California Biosimilar Bill Forwarded to State's Senate

Another state sets up the pathway for biosimilar substitution; however, the proposed legislation comes with restrictions on that practice.

The California State Assembly on August 26, 2013, approved the most recent biosimilar substitution bill, setting it up for a vote within the state’s senate.

Under the bill, which would be forwarded to Gov. Jerry Brown if passed by the senate, pharmacists would be permitted to substitute biosimilar products for a referenced biologic product if (1) the FDA has deemed the biosimilar product to be interchangeable with the prescribed medicine for the specified use and (2) the prescriber has not prohibited substitution.

The ability to substitute biosimilars comes with caveats, however. Prescriptions filled before January 1, 2017, would require pharmacies to notify the prescriber of substitution or enter the substitution in a patient record within 5 days of product selection. Pharmacists (1) could not select an interchangeable biosimilar product unless the cost to the patient was equal to or less than that of the reference biologic and (2) must notify patients of the product change.

Another provision in the bill would require the California State Board of Pharmacy to maintain a link to the current list of the FDA’s interchangeable biosimilar products, providing a list is available. The link must appear on a publicly accessible area on the board’s website.

The most recent bill text also notes that a conscious violation of the bill terms would amount to a misdemeanor, thus creating new crimes and the imposition of a state-mandated correction program.

The bill’s provisions do not apply to the administration of vaccines, section I of the proposed bill notes.

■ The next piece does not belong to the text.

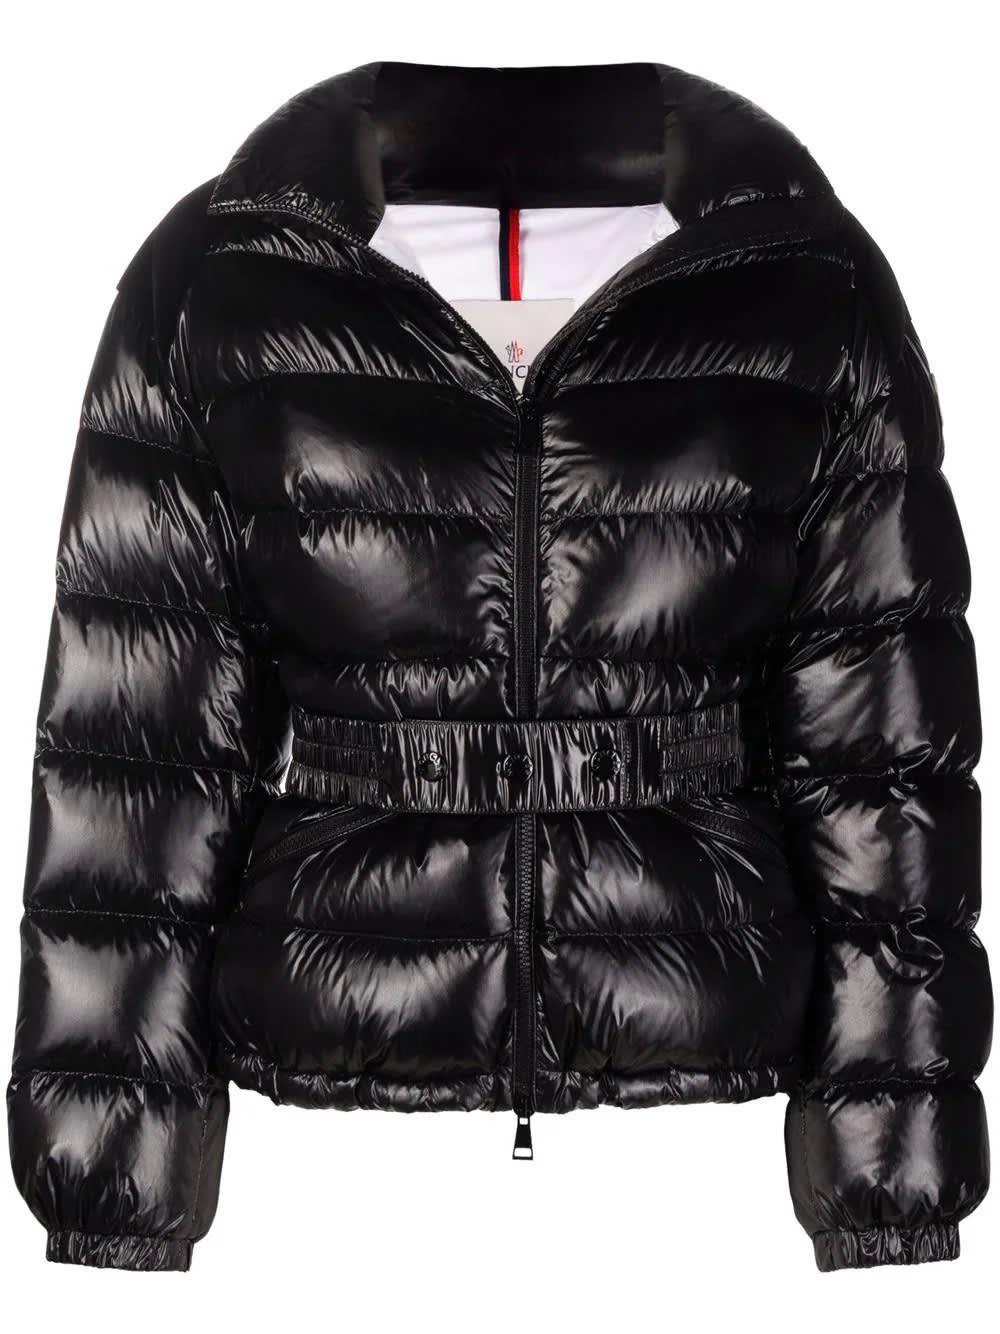 Moncler Woman Black Celepine Down Jacket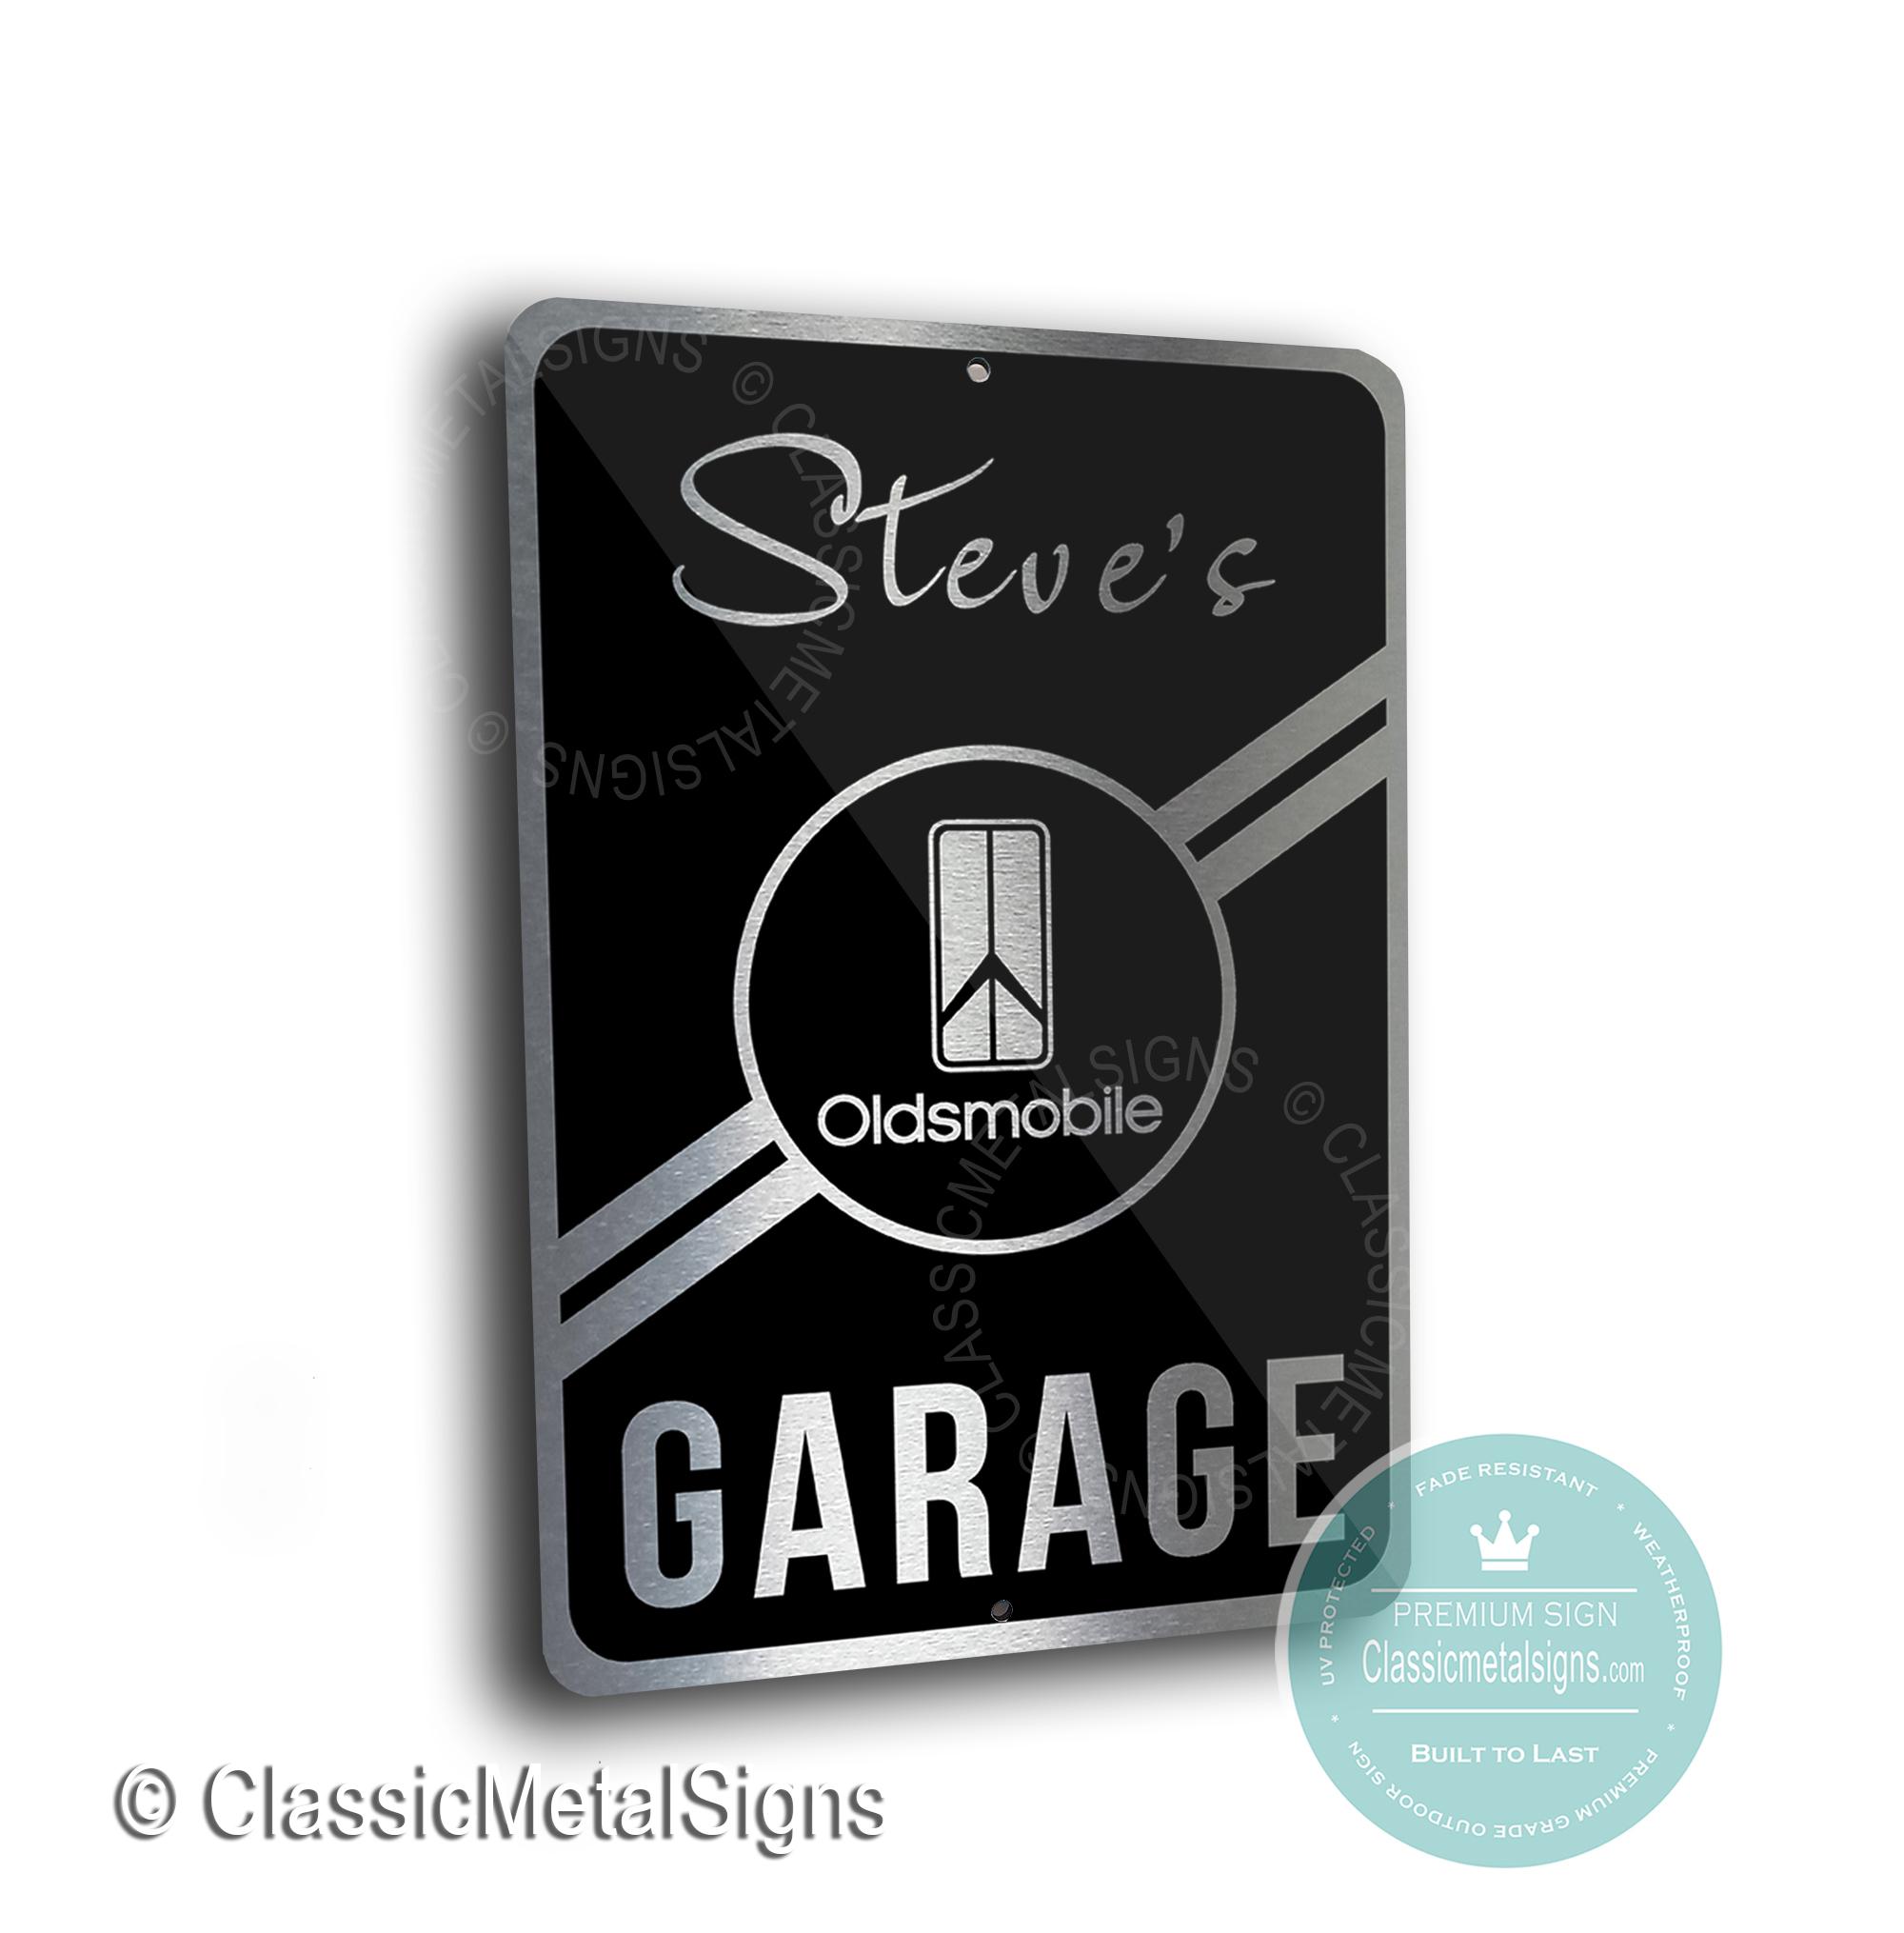 Oldsmobile Garage Signs

A similar bill, AB-1139, was introduced in the California Assembly on February, 22, 2013. Its first committee hearing was cancelled at the request of the bill author, according to the state’s legislative information page.

The California assembly’s action is the latest victory for biosimilar restrictions. Backed by pharmaceutical manufacturers Amgen and Genentech, the biosimilar restriction bills have only seen limited success, according to an August 22, 2013, article on Forbes. Of the 4 states enacting restriction bills, only 1 state, North Dakota, passed the bills without a sunset clause on the restrictions.

The Biotechnology Industry Organization, however, does not view the restrictions as such. Instead, the organization believes the restrictions provide the avenue for biosimilar substitution while also acknowledging the therapy’s complex makeup.

“This is another important step taken by the California State Legislature to ensure patients and physicians who are managing chronic conditions are made fully aware of which biologic drug is ultimately administered by the pharmacist,” James Greenwood, President and CEO of BIO, said in a statement.

“. . . Recognizing the importance of communication between the [patients, physicians, and pharmacists] is particularly relevant when a physician prescribes a biologic medicine, which may be personalized to a patient’s unique course of treatment.”